Available data |
※

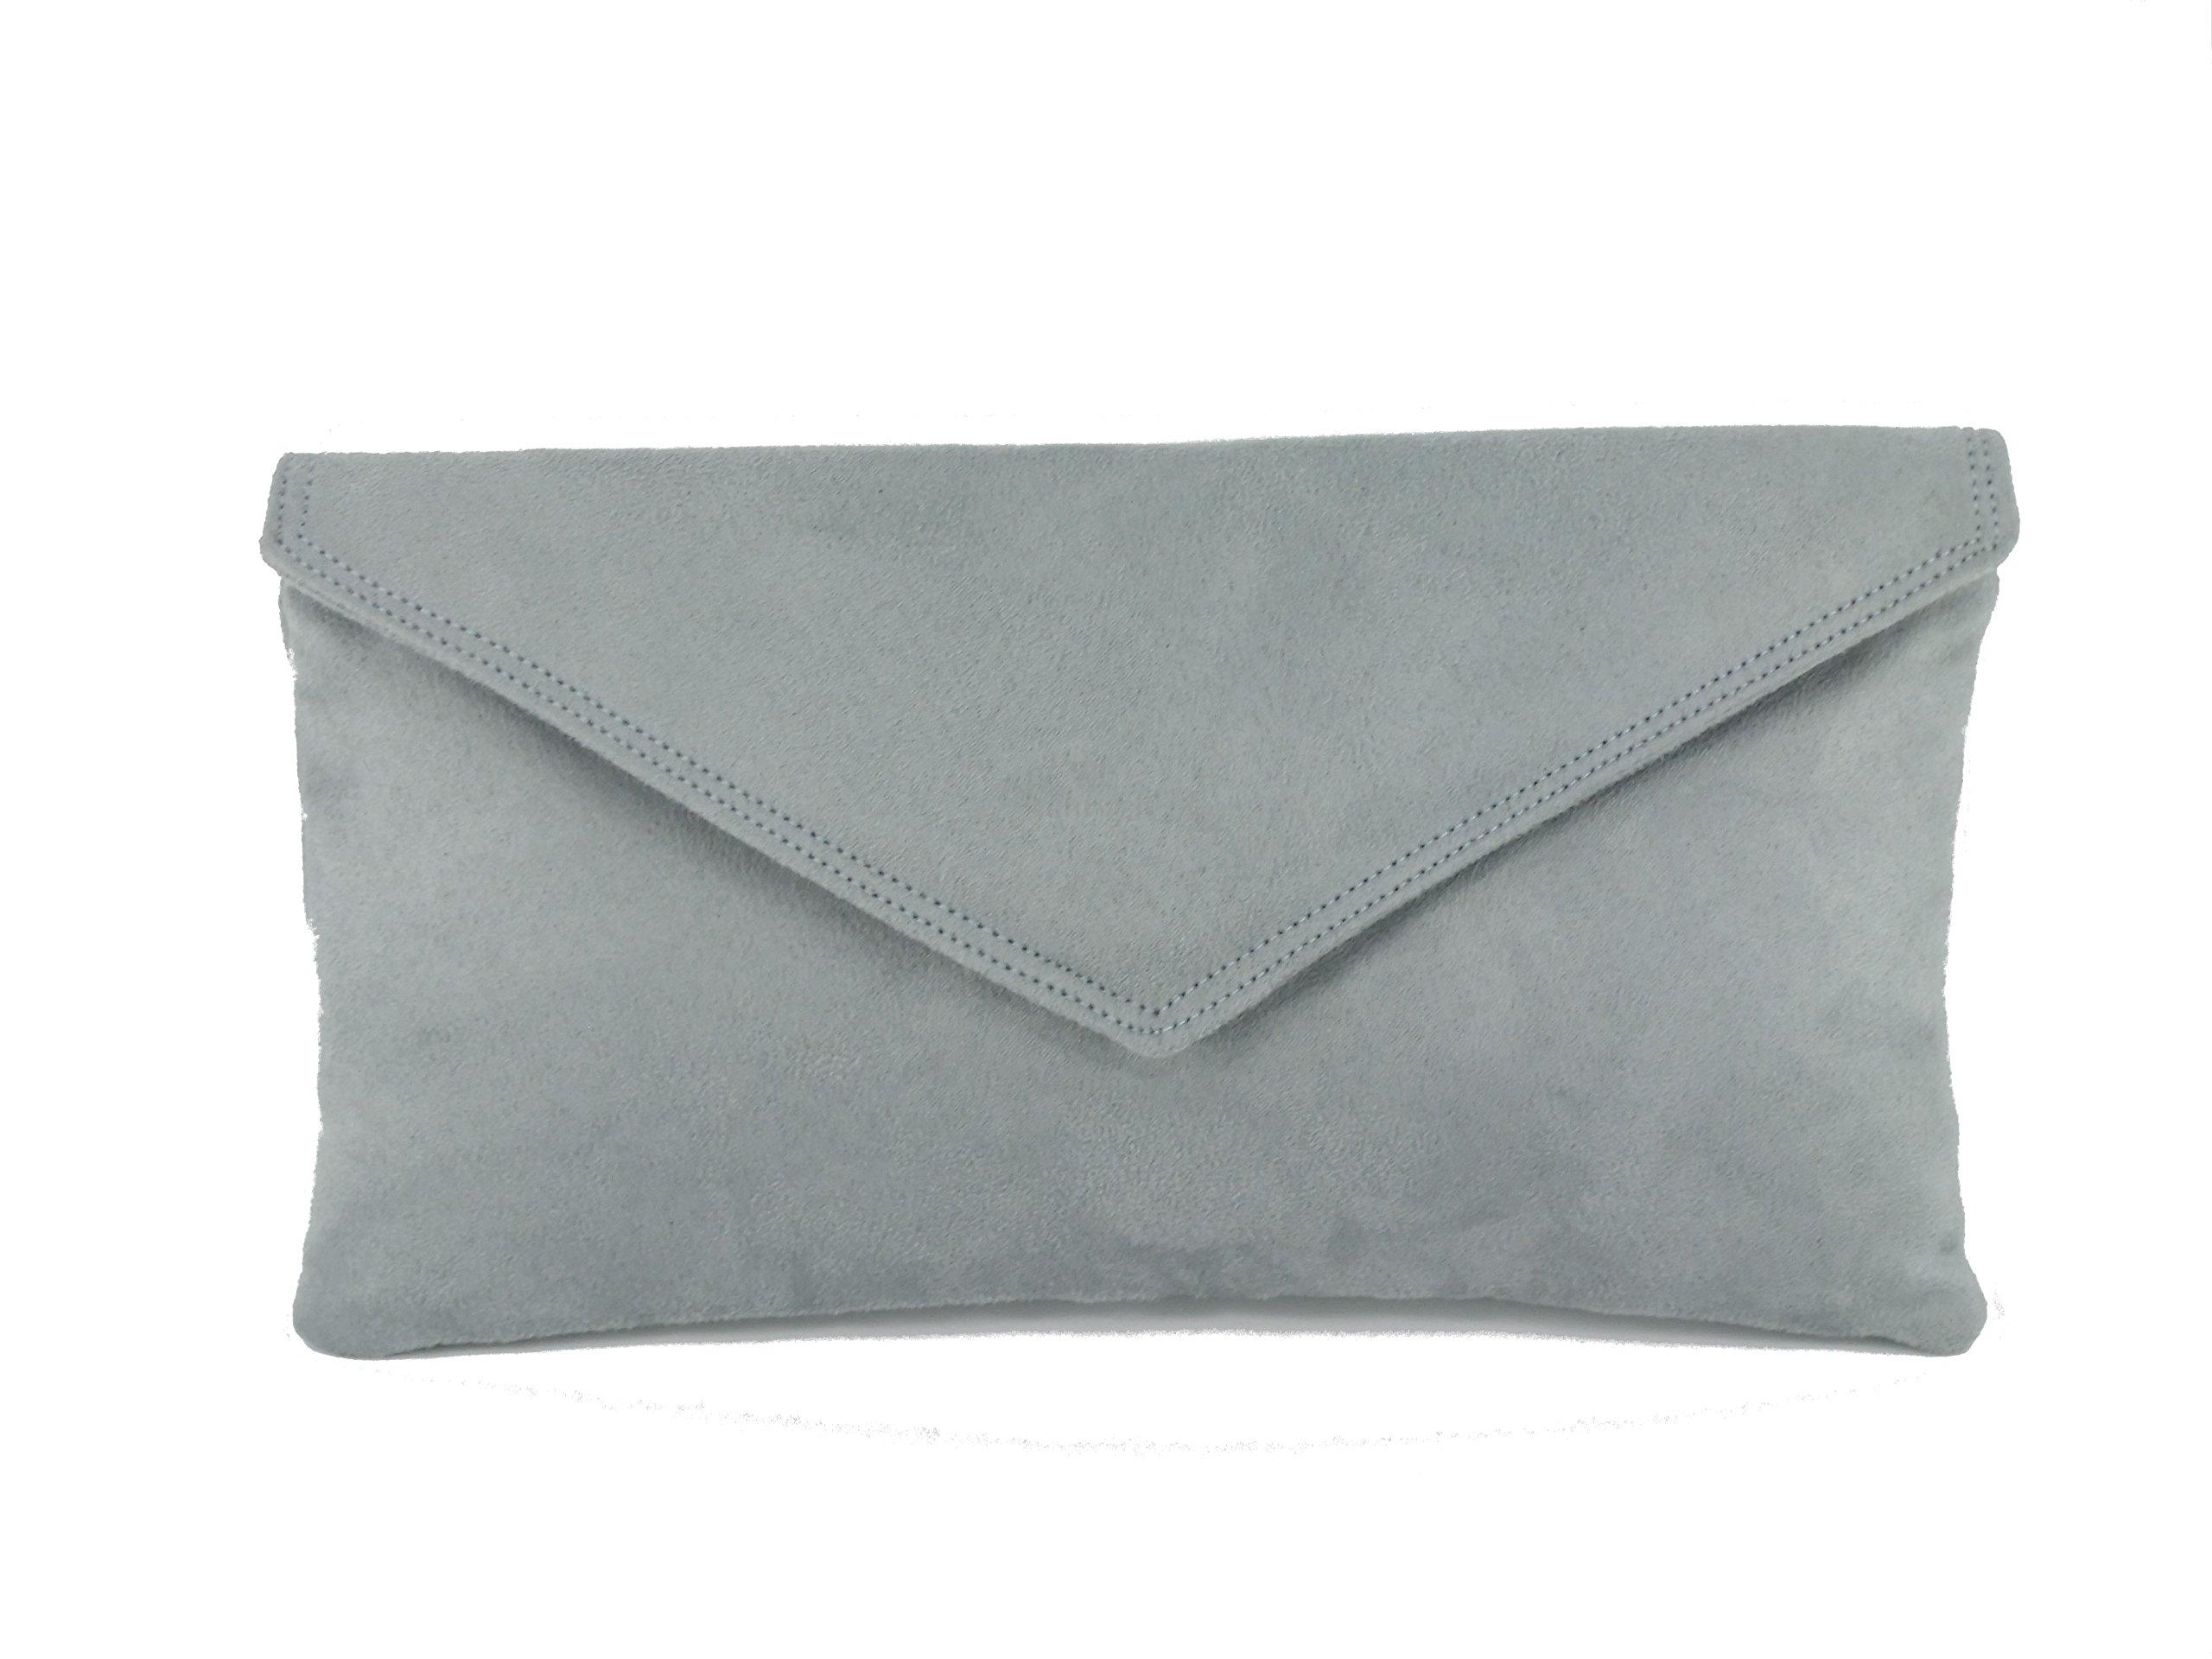 Loni Womens Neat Envelope Faux Suede Clutch Bag/Shoulder Bag in Grey
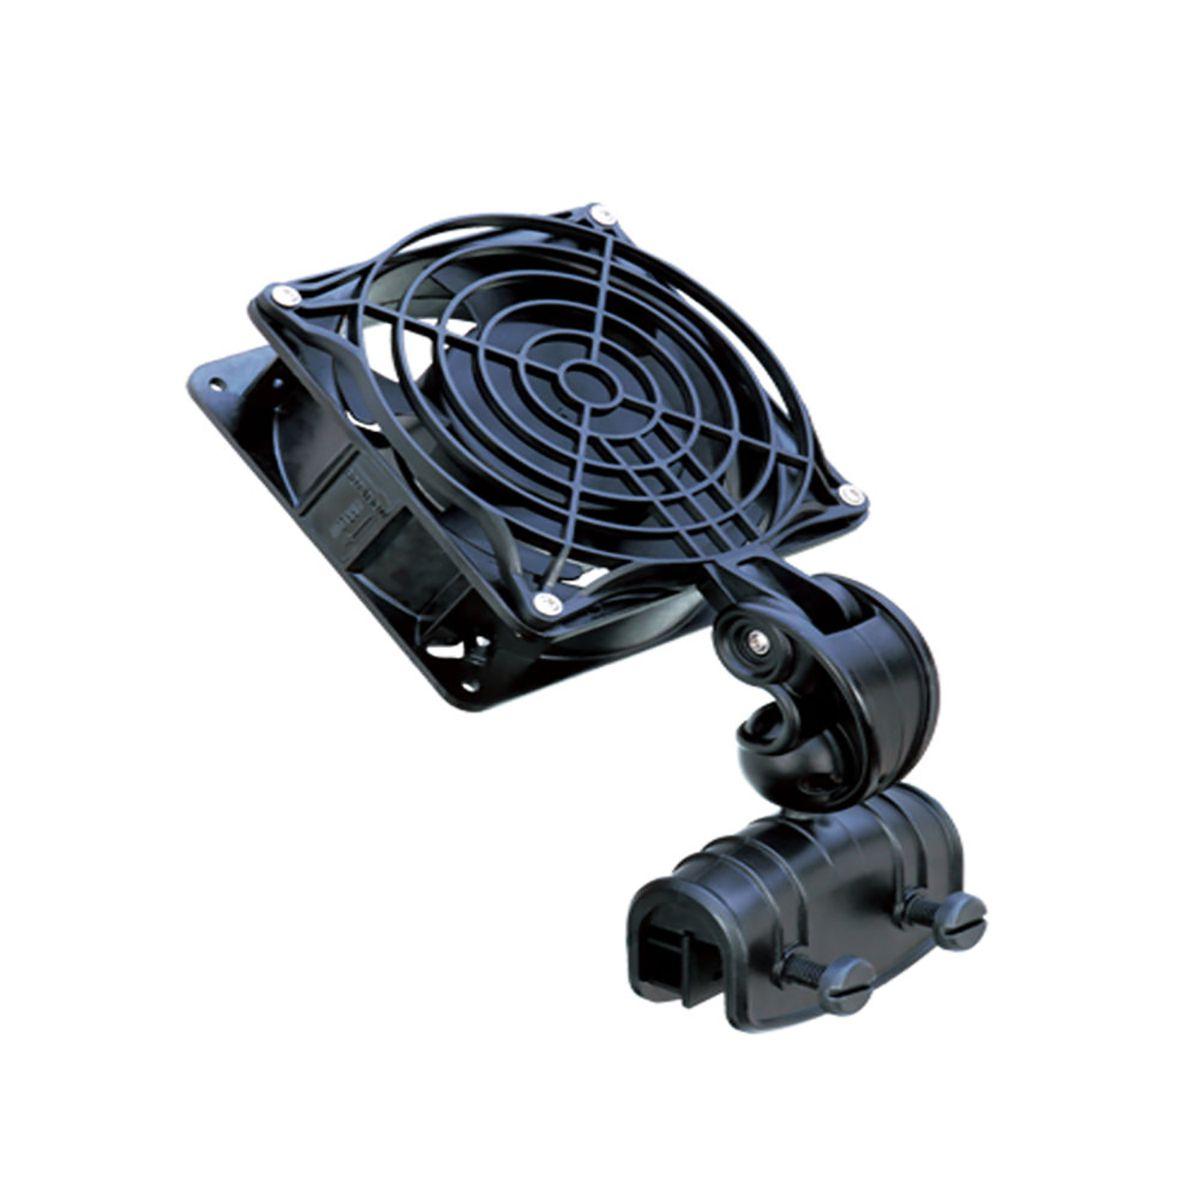 Boyu Mini Cooler FS-120 Com Haste Flexível
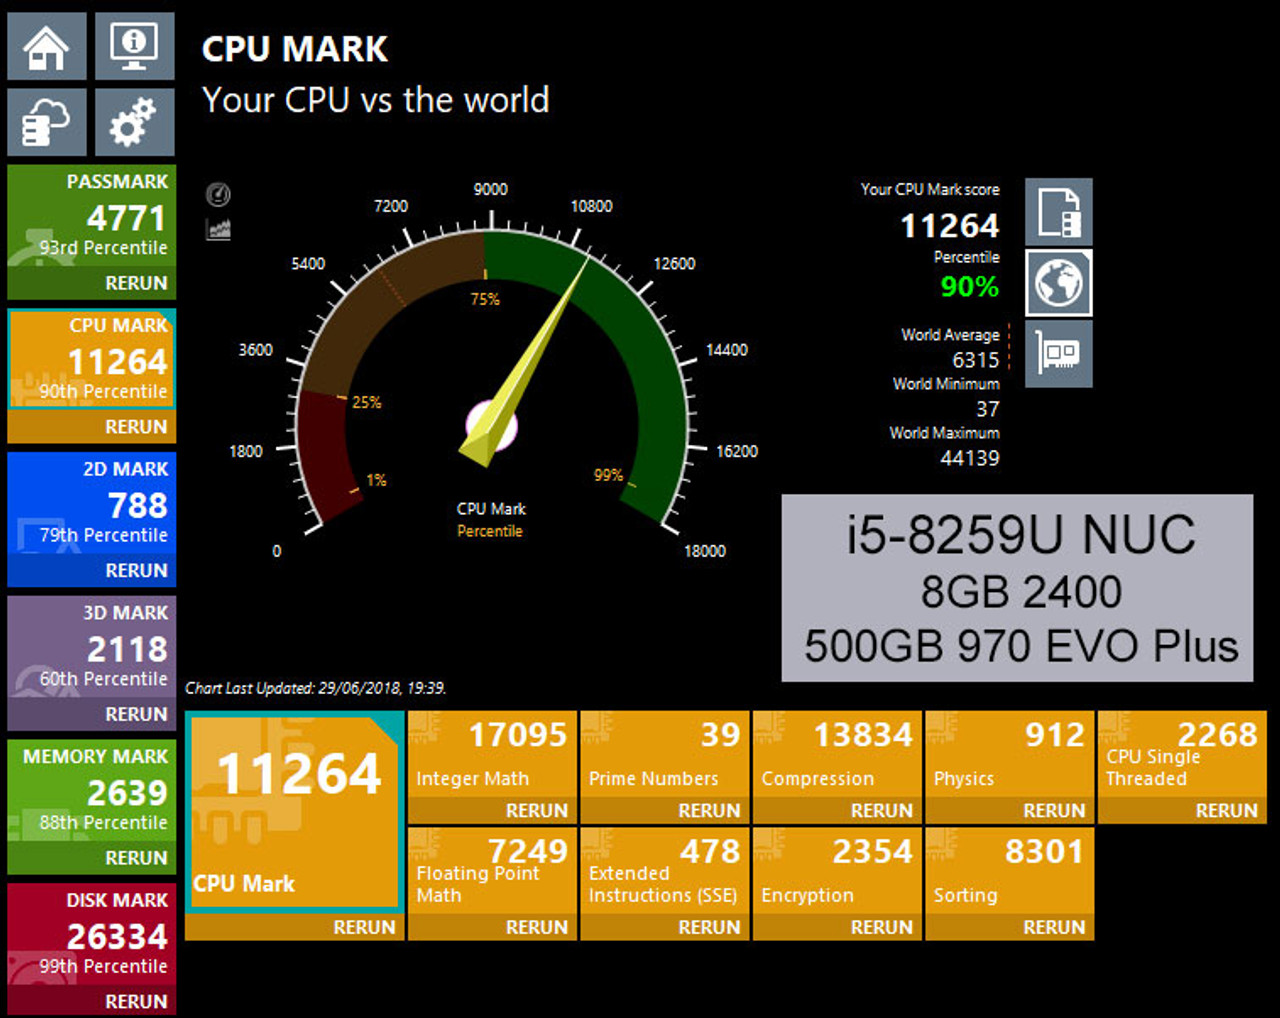 Fanless 8th Gen NUC Core i5 PC, 8GB DDR4, 250GB Samsung 970 EVO Plus SSD,  Thunderbolt 3 [Turing-i5]

※

Exercise aim | Repeat the listing verbatim, pictures excluded.

Expected output |
 Loni Womens Neat Envelope Faux Suede Clutch Bag/Shoulder Bag in Grey
 Boyu Mini Cooler FS-120 Com Haste Flexível
 Fanless 8th Gen NUC Core i5 PC, 8GB DDR4, 250GB Samsung 970 EVO Plus SSD,  Thunderbolt 3 [Turing-i5]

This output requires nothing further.